ELECTRIC MONSTER is a 1958 Anglo-Amalgamated scifi thriller from the reliably terrible Montgomery Tully. It has a laughable alternative title, ESCAPEMENT — although I think it’s a toss-up which is a worse one-word, that or INCEPTION. There’s no electric monster, or any other kind of monster, in it.

But, it’s from the soon-to-be producers of PEEPING TOM, and might be paired with that film thematically even more aptly than CIRCUS OF HORRORS and HORRORS OF THE BLACK MUSEUM, sometimes descibred as forming a kind of “Sadeian Trilogy” with Powell’s superior shocker.

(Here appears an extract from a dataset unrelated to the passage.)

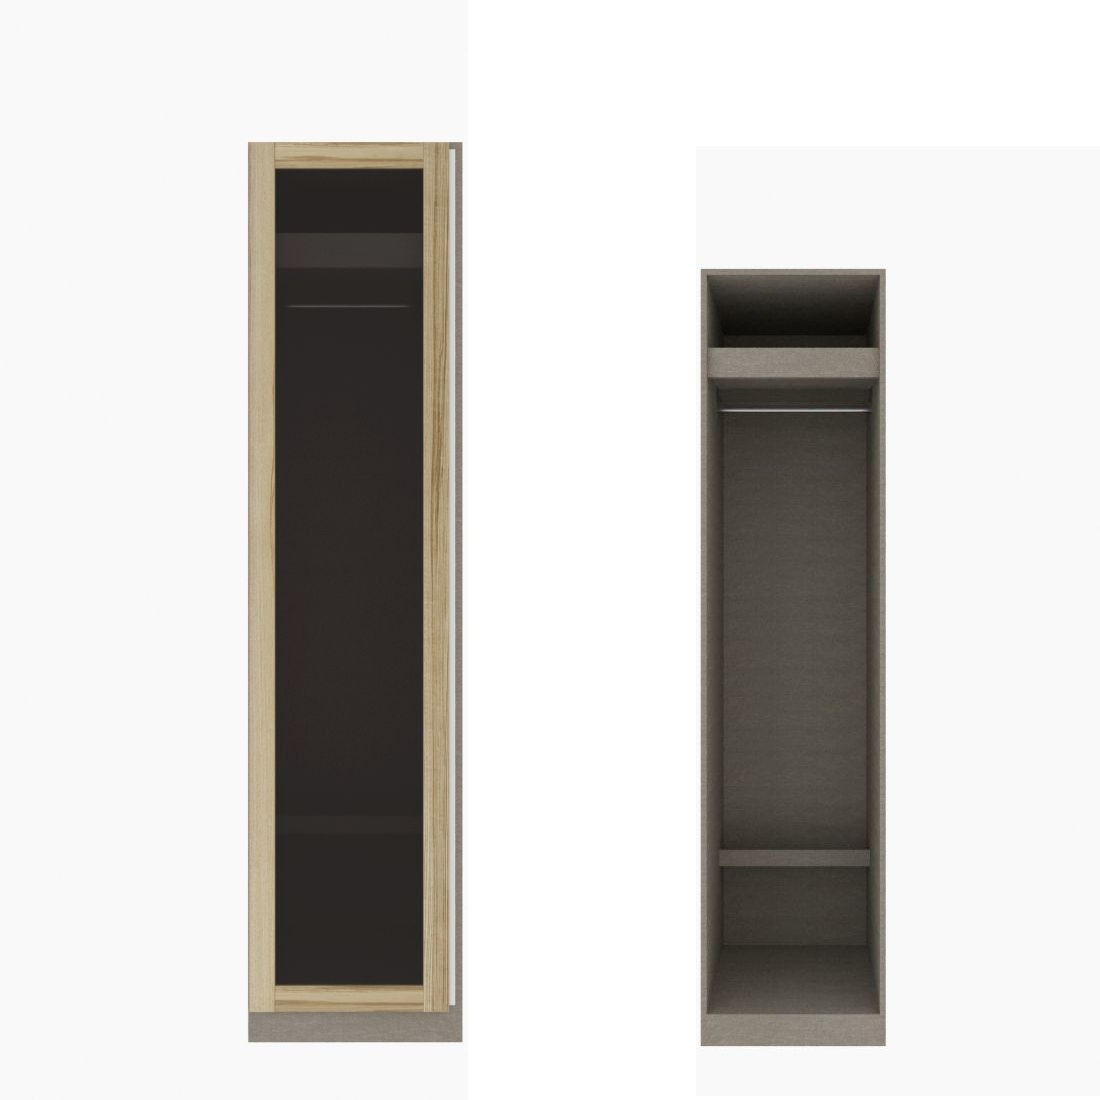 ตู้เสื้อผ้า ราวแขวนโล่ง OP-J (หน้าบานเปิดซ้าย) ขนาด 50 ซม. รุ่น Blox สีไม้อ่อน&กระจกชาดำ01

Tully’s plodding crapola makes a laughable pretence at being set in New York and the Riviera, but it’s visibly the Home Counties + stock footage all the way. Poor old Rod Cameron’s impersonation of a leading man is no more convincing, his youthful wiriness has vanished under a heap of dough,and his somnambular style is unfortunate in a film about brainwashing.

For YES — an ex-Nazi in the South of France is experimenting with a fake therapy technique, targeting celebrities and brainwashing them into becoming hypnotised cult drones. And this becomes pretty interesting, because Scientology was only a few years old at this time. Not that I’m suggesting that scientology is more like brainwashing than any other organized religion.

This is apparently based on a pretty smart novel, in which the will-sapping technology is in the hands of a movie mogul who’s lobotomising America with mindless entertainment piped directly into the brain. Although the mental pablum theme has been stripmined away in the “adaptation” process, it creeps back in via the “visions” created by the process, which are basically light entertainment dance numbers filmed in a TV studio. It’s all leotards and mildly suggestive moves, with the odd sinister prop like a giant spider web with a spinal column hanging from it. It’s Death by Scopitone.

For death is occurring as an unwanted side-effect of the therapeutic process — victims are found to have suffered “electrolysis of the brain,” which sounds pretty silly but for all I know is a perfectly real thing. Will Rod Cameron bring down the monster cult, or will he end up with a bald, scrubbed-clean cerebellum? It’s absolutely impossible to care one way or the other, although pretty much ever duff B-movie of the fifties and sixties would have been improved by a downbeat ending. In many, many ways, NIGHT OF THE LIVING DEAD is just a duff B-movie with a great downbeat ending…


16 Responses to “Wash-out”

  1. Very fine, though I was thinking more along these lines…

  2. David Boxwell Says:

    Tully directed the UK’s first and only 3-D feature, reliably terribly. (THE DIAMOND WIZARD, 53). I like to call him “The Half Monty.”

  3. I was hoping to find the Ballet Jackson’s video for “Psyche Rock” to bung on here and bow the minds of Futurama fans, but the internet appears to have gotten rid of it. DIRTY Ballet Jacksons!

  4. “Death by Scopitone” — bravo!

    Here’s a link about Charles Eric Maine, the writer connected with ELECTRONIC MONSTER. http://sf-encyclopedia.com/entry/maine_charles_eric

    One notes, here, the connection to THE ATOMIC MAN and SPACEWAYS …

  5. Excellent!

    I guess I know the bit of music you mean, Simon…

    I have a copy of The Diamond Wizard, flat. Realizing it’s by Tully actually moves it UP the heap towards viewing, that’s how little it seems to have going for it otherwise.

  6. Escapement an alternate title? Did one of the crew look inside a watch or camera shutter and thought to himself, “escapement!, what a great title for a film!”, or was it a malignant joke by one of them? Whichever, it sure is awful.

    I won’t say anything about “electrolysis of the brain” except it makes no sense to me.

  7. Listen to this and your brain will be as smooth as a baby’s bottom:

  8. David Boxwell Says:

    There is, of course, “The Escapement of One Condemned to Die”, directed by Robert Breeson. (Classic war-prison flick).

    The climactic car chase though rural Essex in Half Monty’s “The Diamond Wizard” will take a breath away!

  9. Christopher Says:

    William Frawley plays the body electric!

  10. Clash By Night is the film which convinced me of Tully’s remarkable anti-genius. Though it does have the arresting presence of Stanley Meadows (Performance), who should’ve had a far more extensive career — he’s electrifying.

    Still looking forward to catching Tully’s The Terrornauts, which has impressive sci-fi writing credentials — and Charles Hawtrey!

  11. Terrornauts is pretty insane. I think you’ll get a kick out of it.

    And I would happily go see a movie called Death by Scopitone. I would even make a movie called Death by Scopitone so I could go see it, if that’s what has to happen.

  12. It might be…

    Just enjoyed Terrornauts tonight! My God it’s useless. And all the while I was thinking, “The following year, we made 2001.”

  13. If there is ever an authorized release of Terrornauts, ‘My God it’s useless’ needs to be prominently displayed on the cover.